Ушла я с веранды в тот понедельник в половине первого, не позволив жене Артура провожать себя. Я знала, что Артур в кабинете, и решила войти туда из сада, избегая посторонних глаз. Хочу сказать, что намерения убить его у меня не было. Я только
Когда я вошла через переднюю дверь, Артур писал за столом. Мое появление удивило его; я увидела, что он разозлен, правда, держался довольно вежливо, хоть и сухо.
Услышав, кто я, он сперва не поверил. Счел меня помешанной. Когда я убедила его, он сказал: «Ты— Тереза? Ты — Тереза ?» — и разразился громким, грубым хохотом.
Я не хотела ссориться с ним. И считала, что хорошо владею собой. Может статься, если бы он не смеялся так, я бы сдержалась. Впрочем, не знаю.

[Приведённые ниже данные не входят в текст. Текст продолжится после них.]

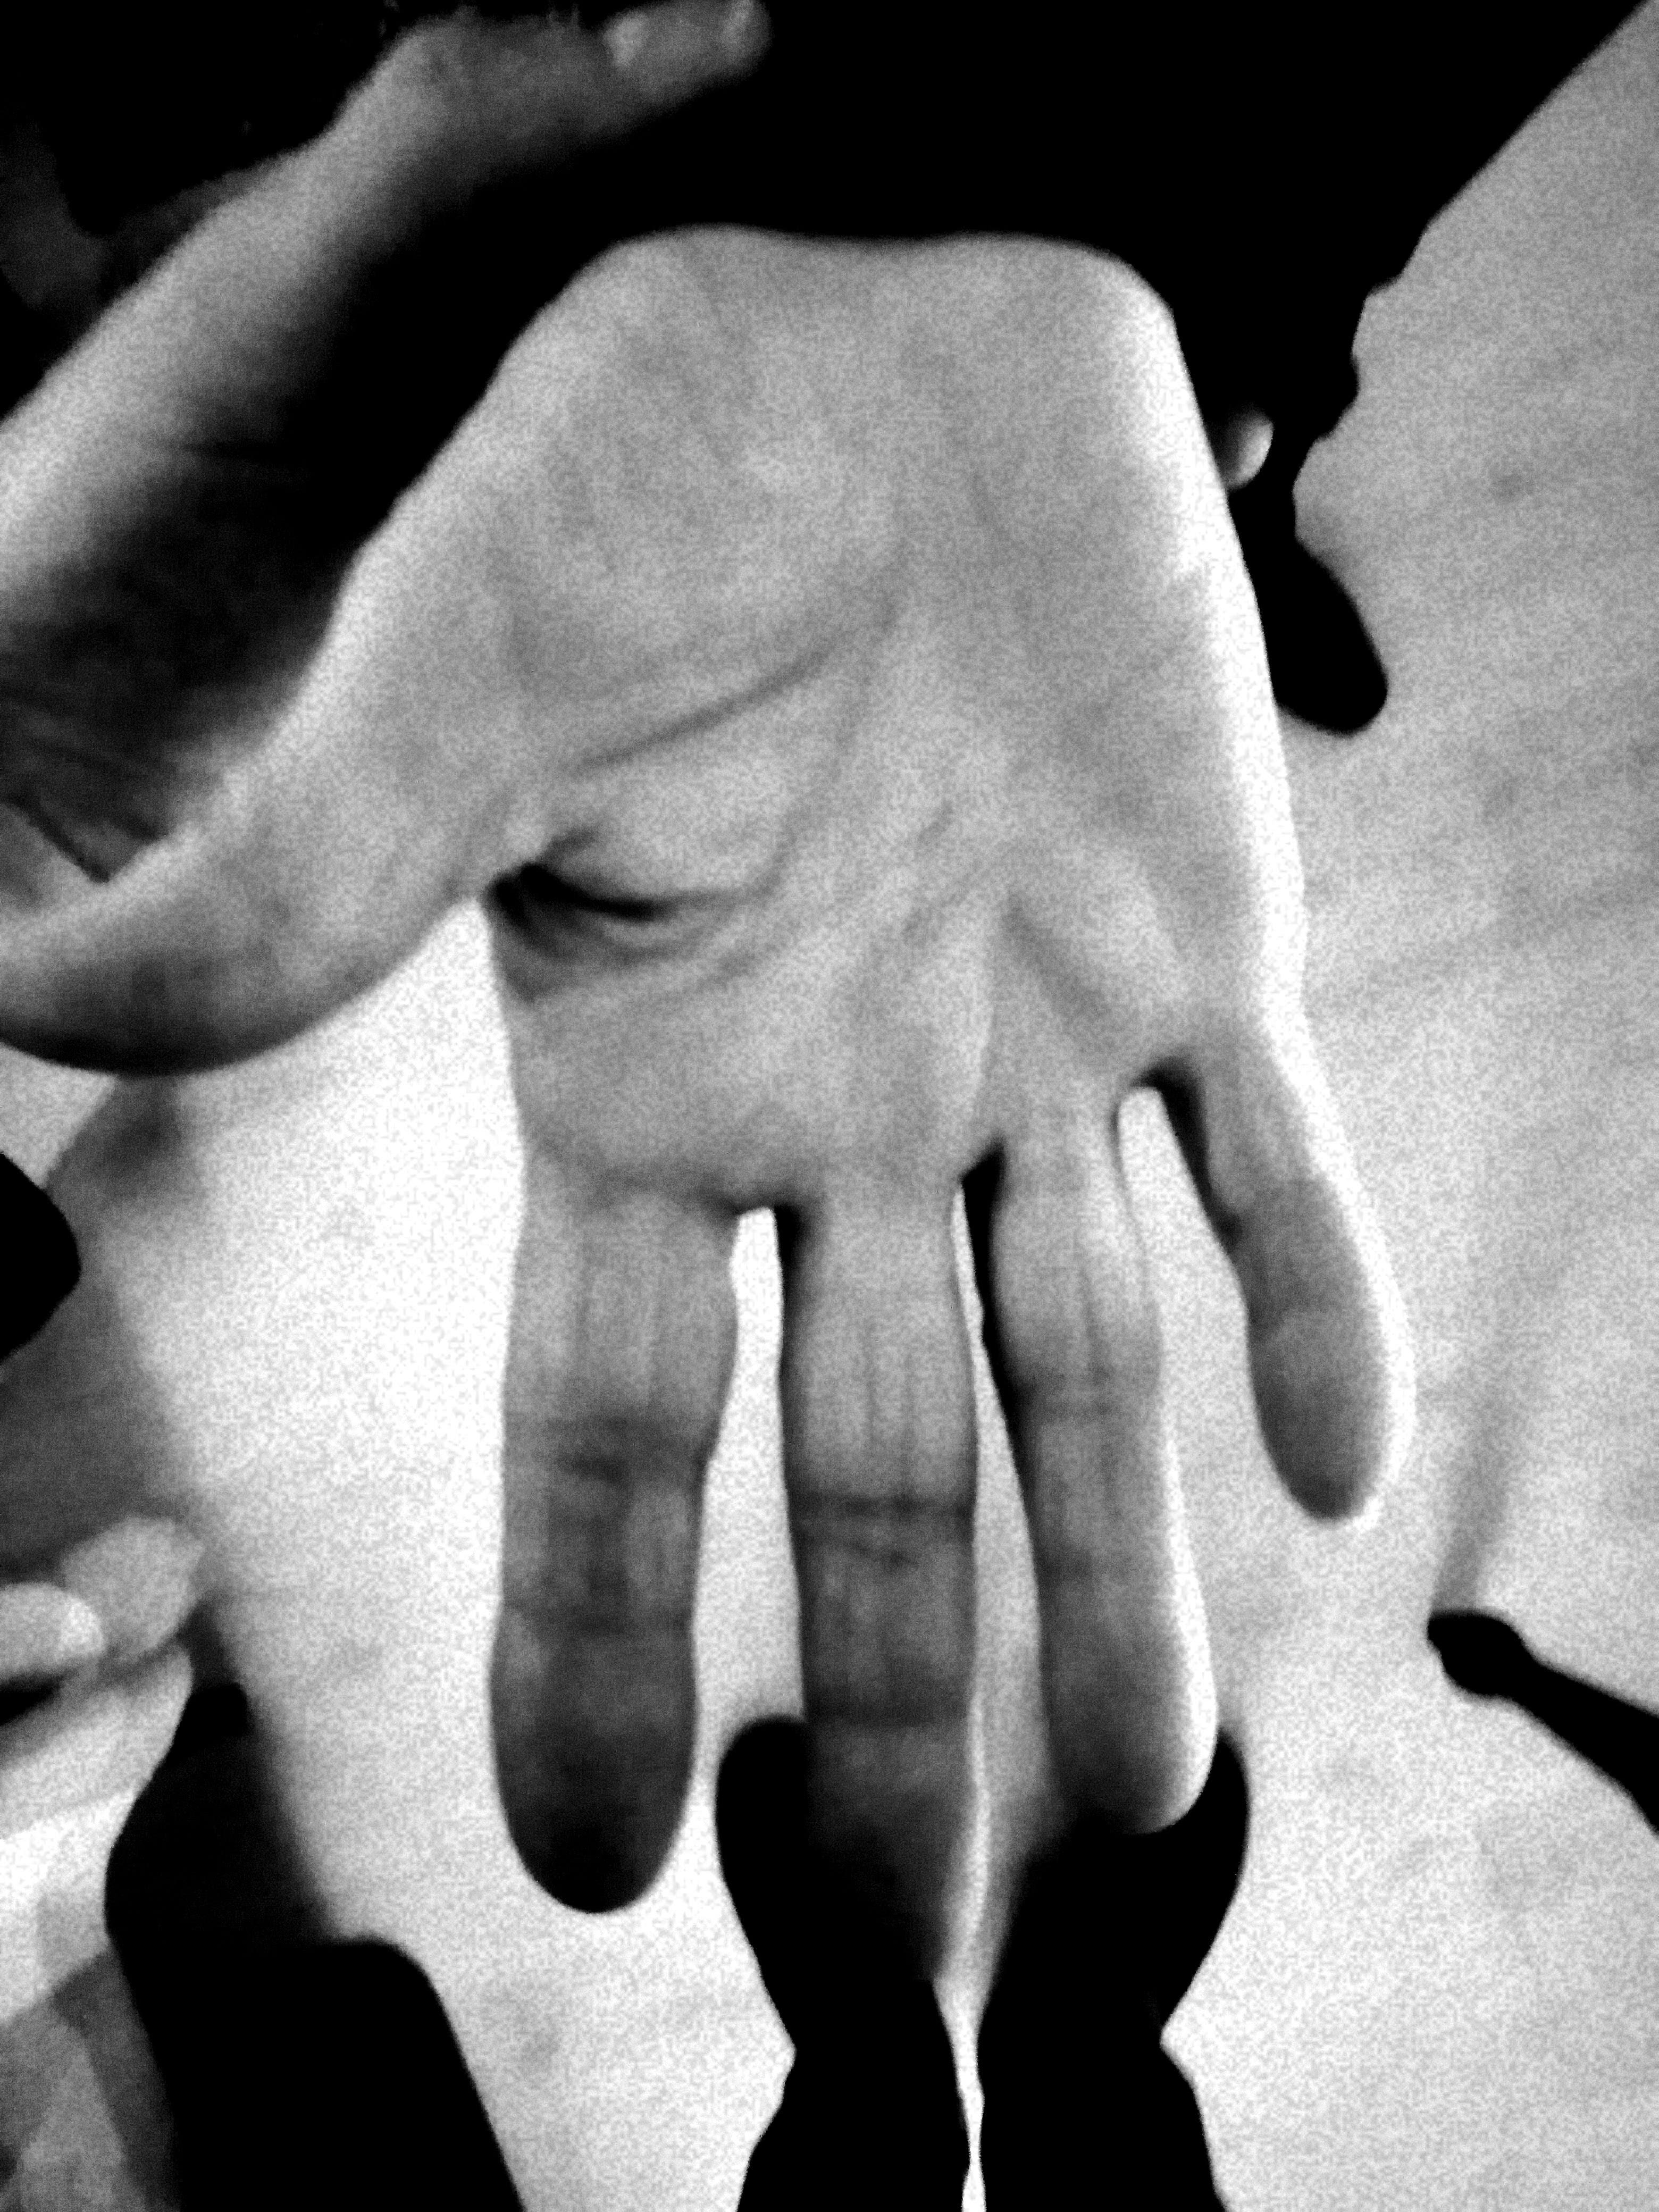 étude de la main

Я не стану описывать того, что происходило между нами. Но самым серьезным образом заверяю, что старалась сохранять спокойствие, что моей единственной целью было просить за Джеффри. Даже при своем знании Артура я не понимала, что он ненавидит мальчика. Но тогда наконец поняла. Рука не поднимается написать то, что он говорил. Его насмешки надо мной, думаю, я смогла бы вынести хладнокровно. Но его злобных, ядовитых издевок над Джеффри не вынесла бы ни одна мать.
Говорили мы недолго. Думаю, не больше десяти минут. Я поняла, что нанесла только вред; Артур не желал меня слушать. Он сказал, что я могу убираться, сделал вид, что больше не замечает моего присутствия, и снова принялся за свои дела.

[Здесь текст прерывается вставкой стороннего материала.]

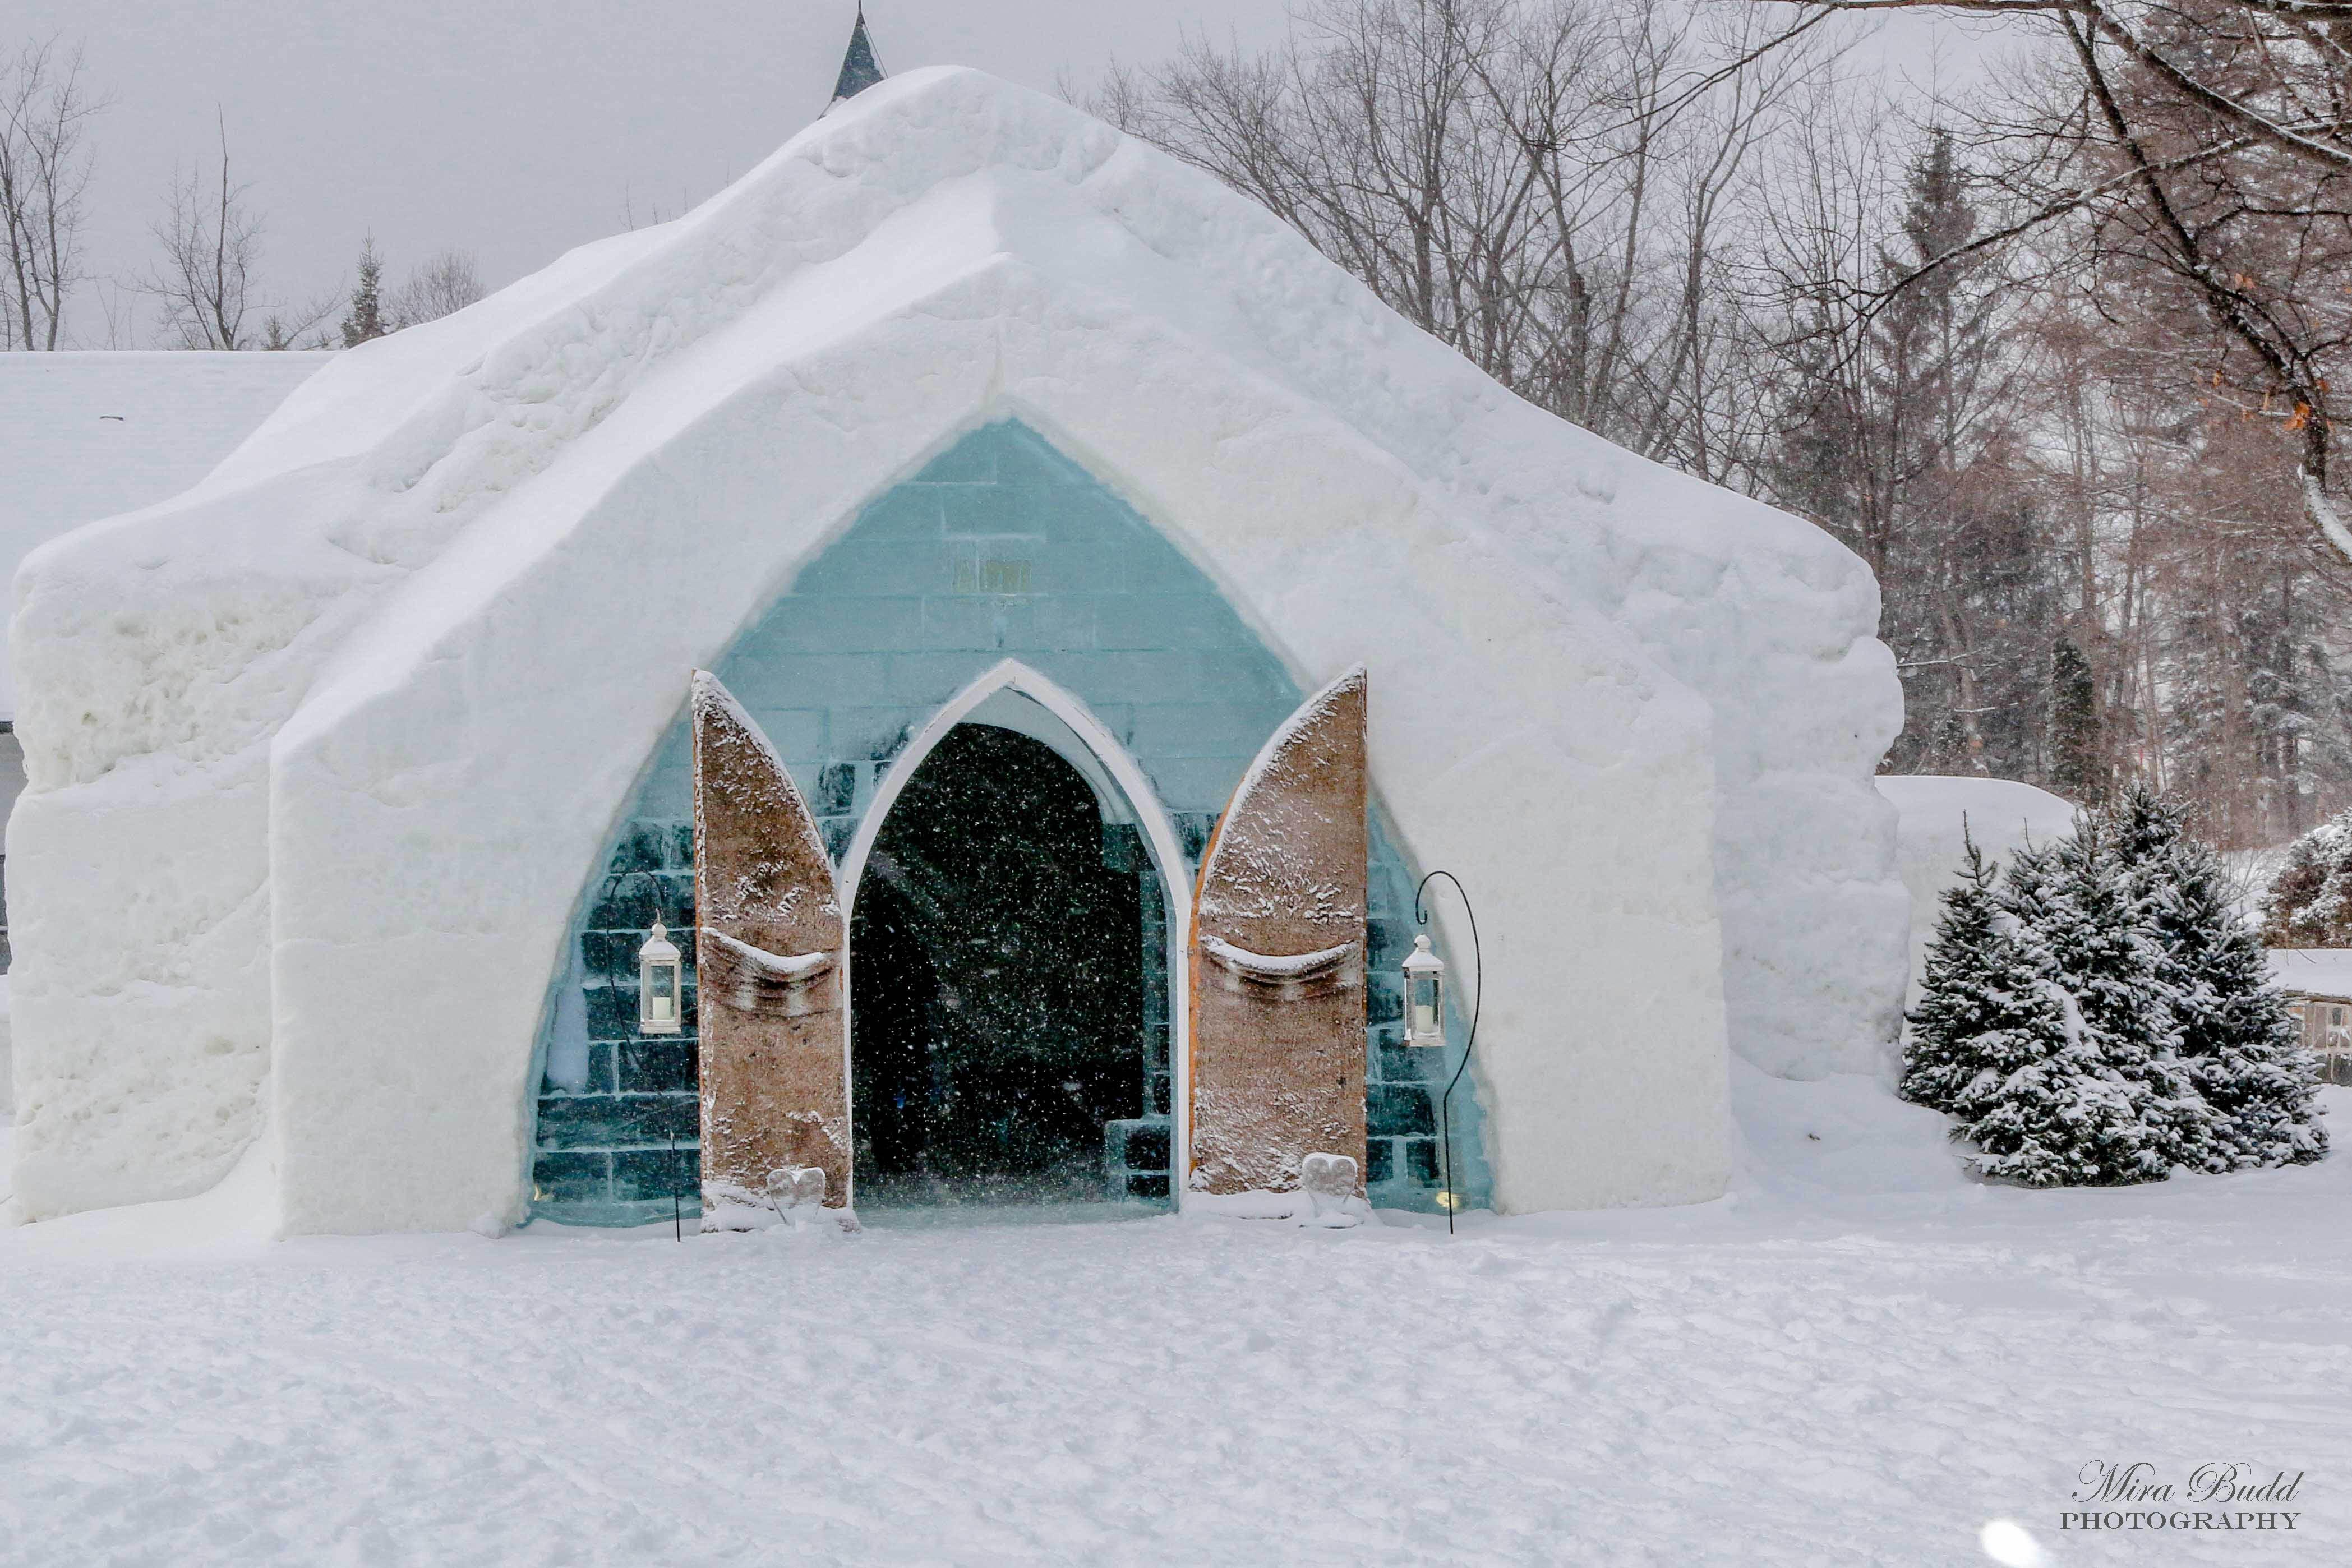 H Tel De Glace De Quebec Ice Hotel Quebec City Lifeology 101

Я стояла рядом с его креслом, опираясь рукой на стол, и попыталась воззвать к его разуму. Он засмеялся опять, этим своим характерным глумливым смехом. Не могу объяснить, что произошло со мной. Внутри все перевернулось. Вспомнилось все зло, какое я от него претерпела, все прошлые лишения и муки, а он сидел такой благополучный, самодовольный, подлый, готовый мстить моему сыну... Чувства мои не поддаются описанию. Нож лежал у меня под рукой. Артур даже не смотрел в мою сторону. Под влиянием слепой ярости, может, лучше сказать— безумия, я схватила нож и нанесла удар. Хотела ли убить его, не знаю. Думаю, в тот миг — да. Так или иначе, теперь я рада, что это сделала. Люди назовут меня убийцей, но мне все равно.
Артур повалился грудью на стол. Из раны хлынула кровь. Она испачкала мне рукав. Я обернула его шарфом и выбежала из комнаты. Колени у меня дрожали. Я едва соображала, что делаю.
Сев на велосипед, я поехала домой. Перчатки мои оказались в крови. Я сожгла их на кухне, когда слуги легли спать.
Мне казалось, никто никогда об этом не узнает. Полиция сочтет, что убийца — какой-то бродяга. Я не предполагала, что мой поступок навлечет опасность на других, даже на Джеффри. Но когда из Лондона приехал инспектор, я стала бояться. Он не такой, как наши полицейские. Он понял очень многое. Разузнал всю подноготную о каждом. Я поняла, что со временем дойдет черед и до меня. Естественно, я не допустила бы, чтобы даже такие существа, как эта расчетливая мексиканка или миссис Холлидей, понесли вместо меня ответственность.
Это все, что я могу сообщить. Добавлю только, что Джеффри я действительно видела так, как описала. Назвав инспектору время — без десяти час, я поняла, что в конце концов он выяснит правду.
Майор Грирсон, отложив последний лист, принялся усиленно сморкаться.
— Ужасно! Ужасно! — заговорил он. — Бедняжка! Кажется, никогда еще я не был так... э-э... расстроен. Нехорошо так говорить, но, право, Хардинг, невольно... э-э... чувствуешь облегчение от такого исхода.